Us donating. Us making calls. Us running for office. Us getting out the vote. Us educating people about why we support Biden.
We. Can. Do. This.
We really can.
But we need to all pitch in. Starting now. We have six months. It is crunch time.
What can you do?
Your donations will come bundled with others from our Good News community and will show the Democrats and the Biden team that there are many of us who support him and combine hard work with optimism in our battles for a better America!
Looking for something else? GREAT! Here are some other ideas:
Need some fortification? Here is some good news to bolster your spirits!
Good Economic News
The NYT talked about the jobs report from yesterday
“This is the jobs report the Fed would have scripted,” said Seema Shah, chief global strategist at Principal Asset Management.
Federal Reserve officials have been looking for further evidence that their interest rate increases over the past two years are weighing on the economy and job market, and Friday’s employment report roundly provided that signal.
That moderation came as job gains slowed, the unemployment rate ticked up slightly and average weekly hours nudged down. The overall picture was one of a labor market that remains solid but is gradually slowing — exactly what officials at the Fed have been looking for.
The decline in the Black unemployment rate that Tal flagged earlier is very encouraging. Black workers have historically been among the first to lose their jobs in an economic downturn — as the late economist William Spriggs often said, they are the “canary in the coal mine” for the broader economy
On first blush, this report shows exactly the sort of slowing Biden was talking about two years ago — a drop in the pace of job creation but not a huge one, without any corresponding jump in the unemployment rate. It looks like a good report for the president.
Investors are welcoming signs of a cooling labor market, sending S&P 500 futures rising.
And the Washington Post notes that That marks the 27th consecutive month that the unemployment rate was below 4 percent. This was previously recorded during a low-unemployment period between 1967 to 1970 and the longest period on record between 1951 to 1953.
“The labor market is still going strong even if it’s a slowdown,” said Andrew Flowers, chief economist at Appcast, a firm that helps companies recruit online. “One-hundred-and-seventy-five thousand jobs is more than enough to absorb the workers in this market and you can see that with the [low] unemployment rate.”
In welcome news for economists looking to see broader job gains across industries, warehousing and transportation appears to be on the rebound, adding 22,000 jobs, after seeing a major slowdown after the e-commerce expansion during the pandemic.
Markets jump higher after softer-than-expected jobs report fuels hopes of an earlier rate cut
US stocks soared Friday after new data showed that US job growth slowed considerably last month.

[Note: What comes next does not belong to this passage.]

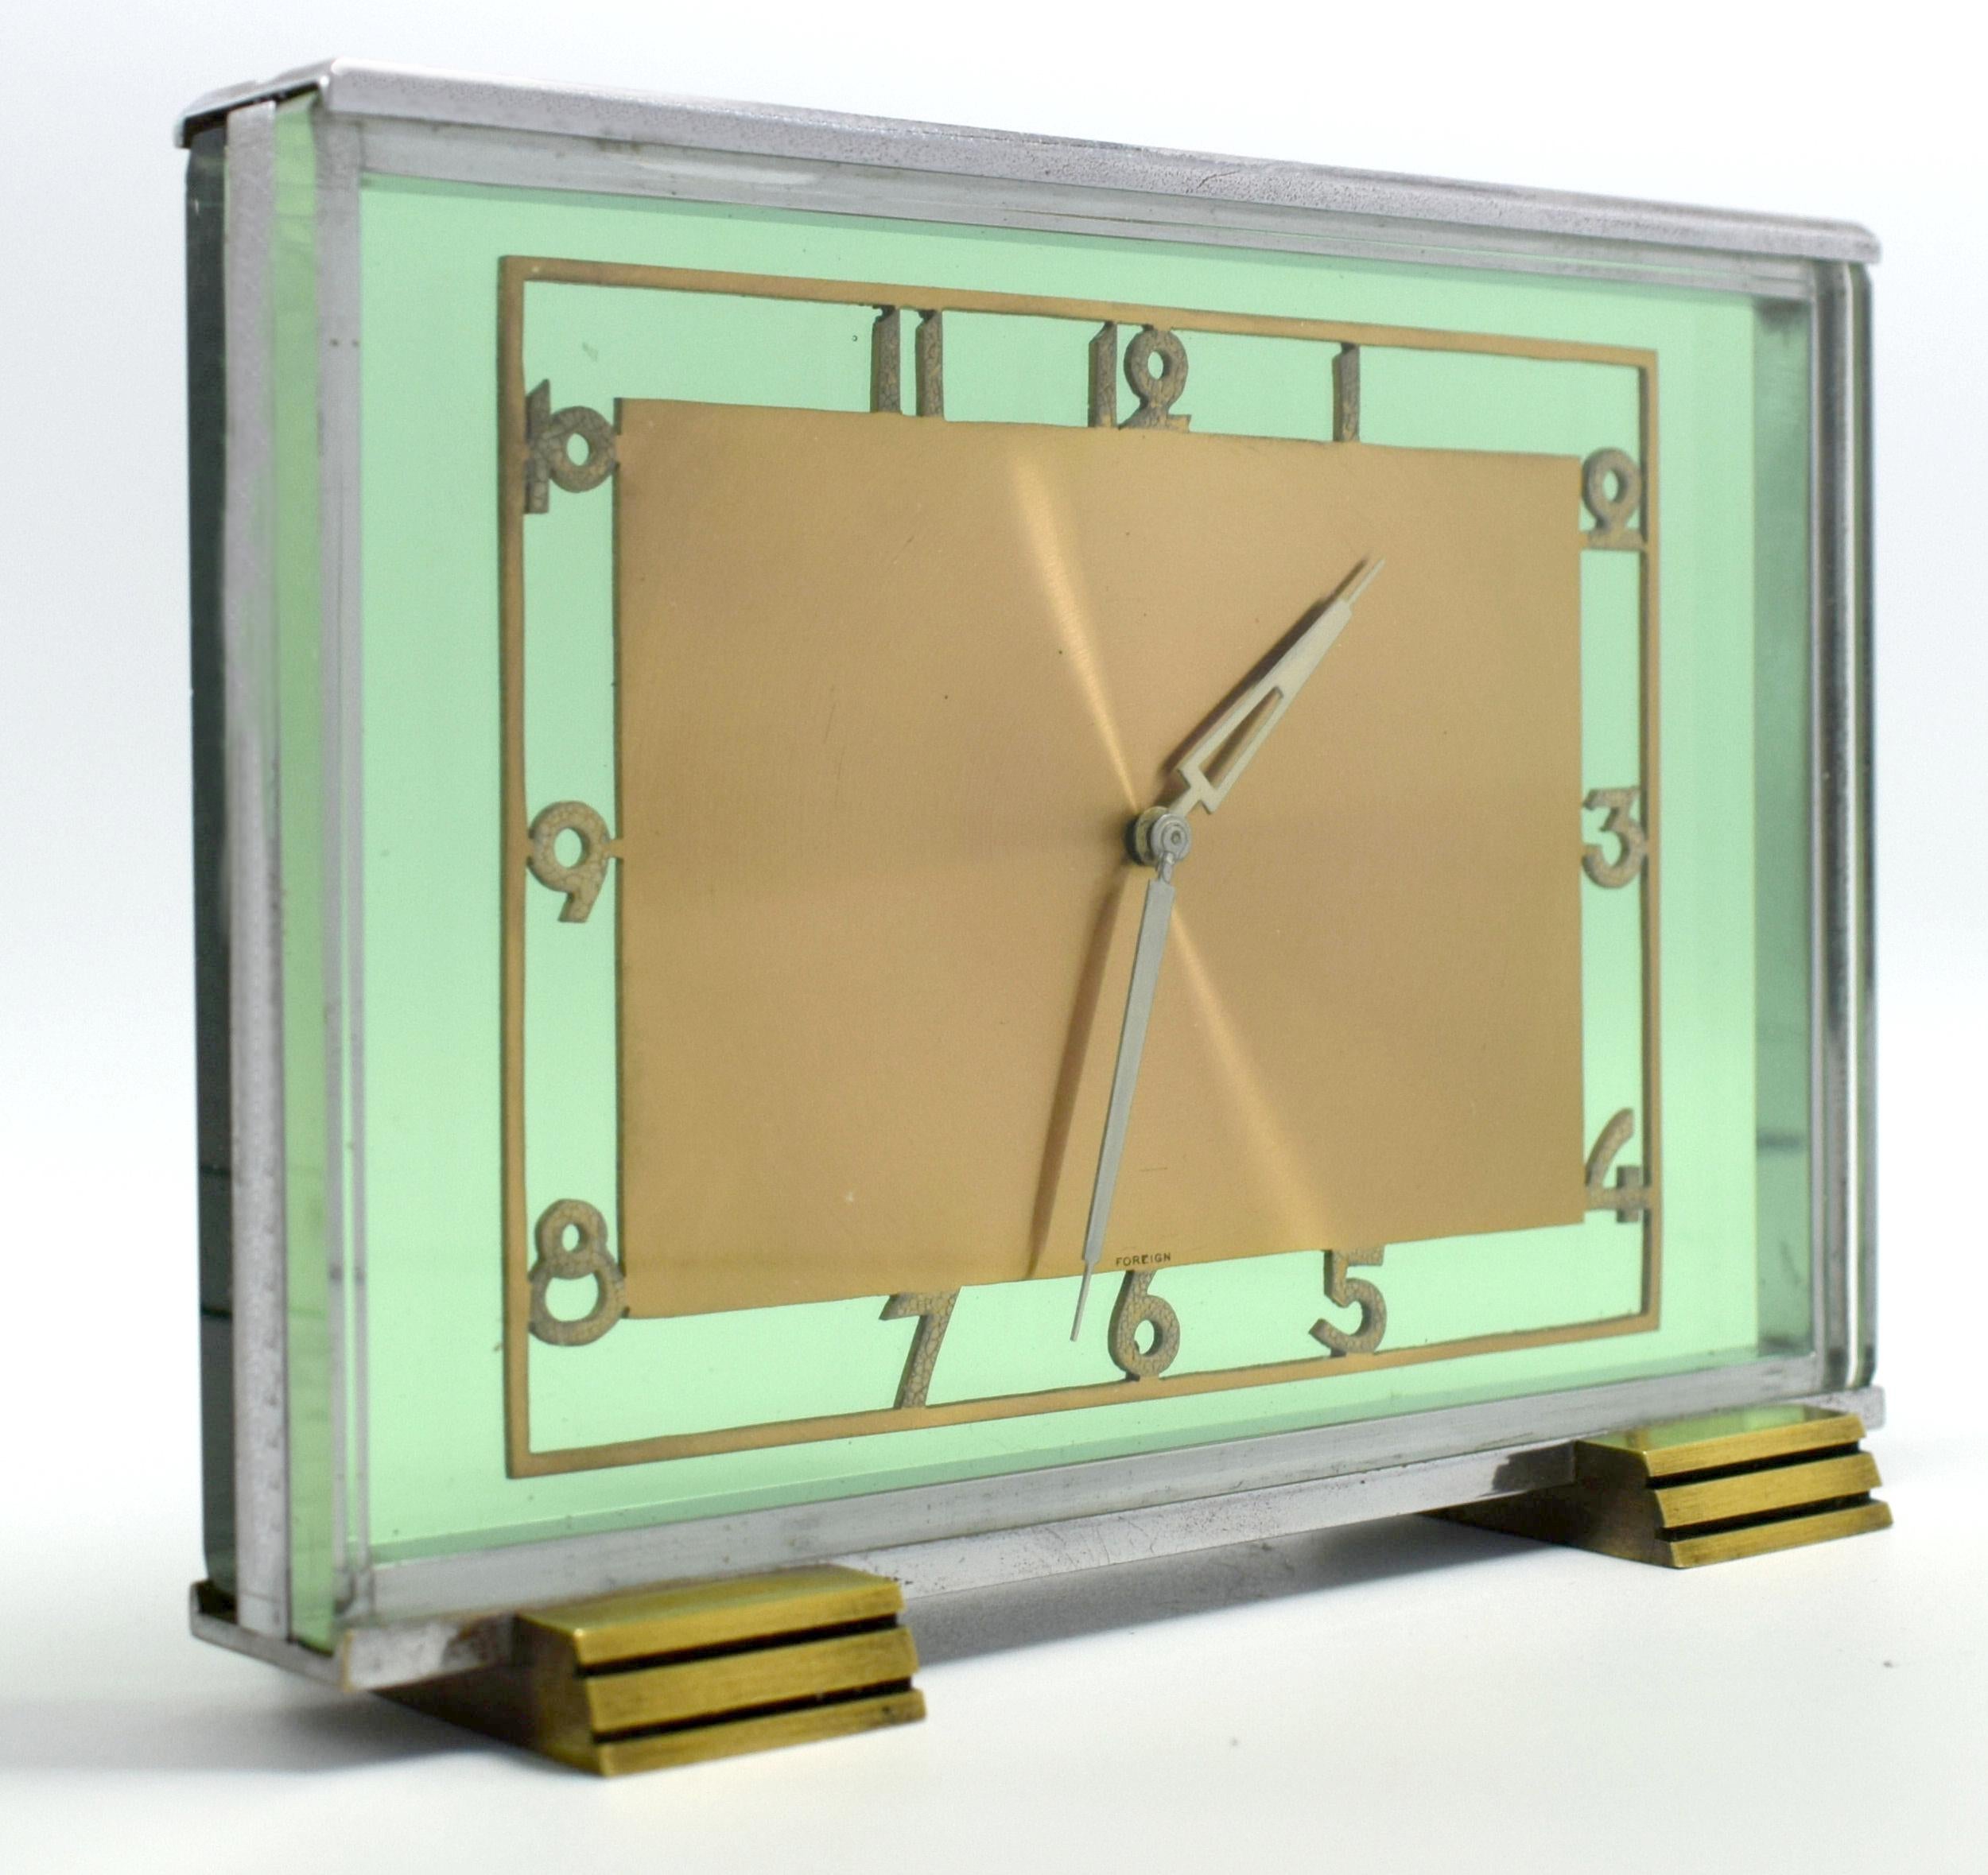 English Art Deco Modernist 8 Day Green Glass Mantle Clock, circa 1930s

After surging by more than 500 points after the opening bell, the blue-chip Dow was higher in mid-morning trading by 423 points, or 1.1%; the S&P 500 was up 1.1% and the tech-heavy Nasdaq gained 1.9%.
Friday’s employment data “was a big sigh of relief for markets, with a softer job market and importantly a softer average hourly earnings readout,” wrote Matt Peron, global head of solutions at Janus Henderson Investors, in a note on Friday. “Taken together, this should give markets some hope that inflation is not as sticky as feared and raises the possibility of getting back on the disinflation trend we saw last year.”
Bad News for Bad Guys
After RNC Shakeup, Trump Ground Game Could Be Compromised
The Republican National Committee was poised to open and staff 40 satellite campaign offices across key battlegrounds when former President Donald Trump, now the presumptive GOP nominee, abruptly replaced RNC Chairwoman Ronna McDaniel and her deputies with fresh leadership.

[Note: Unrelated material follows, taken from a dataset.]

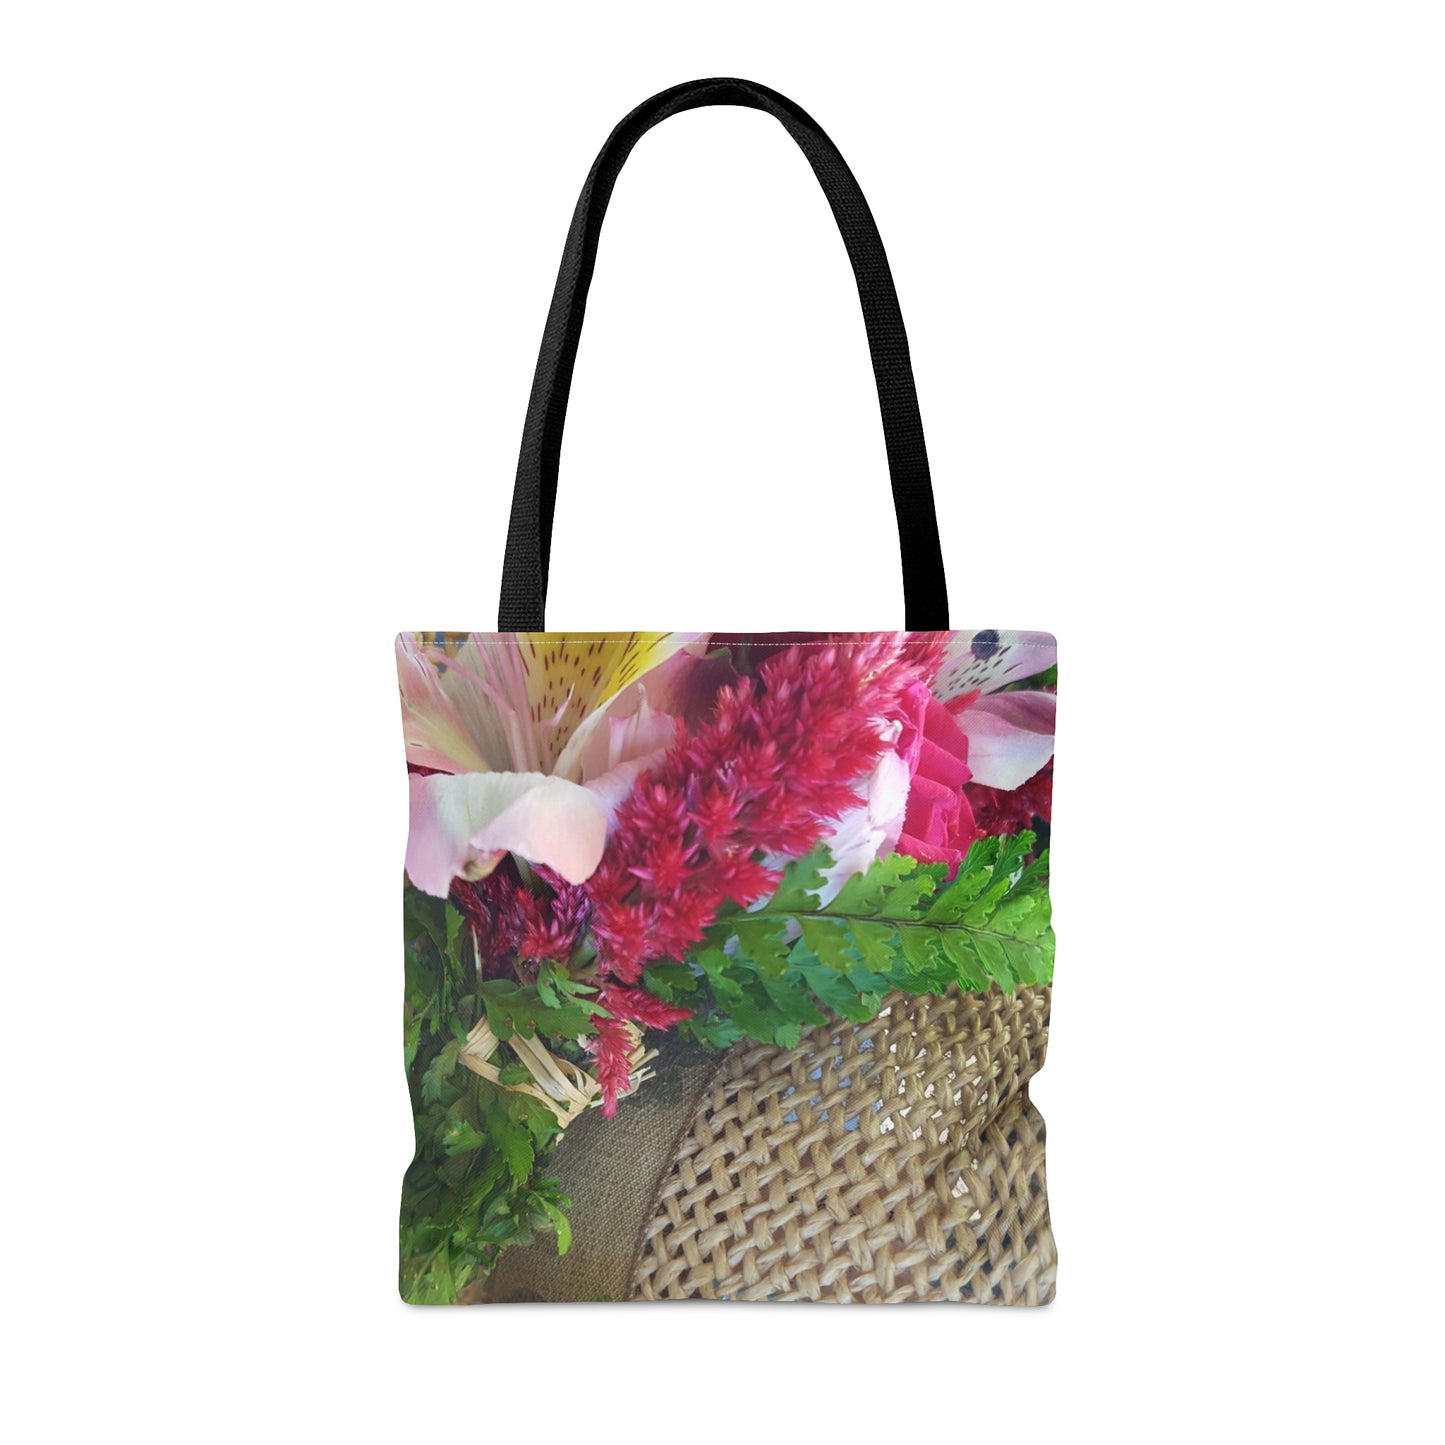 Wicker Floral Tote Bag

Trump’s new RNC team, led by Chairman Michael Whatley, Co-Chair (and Trump’s daughter-in-law) Lara Trump, and senior campaign adviser Chris LaCivita, killed McDaniel’s 2024 blueprint. Roughly six weeks later, neither the committee nor the Trump campaign has much infrastructure or personnel in the swing states that will decide the November 5 election, multiple sources in Washington and the crucial battleground states told Dispatch Politics this week.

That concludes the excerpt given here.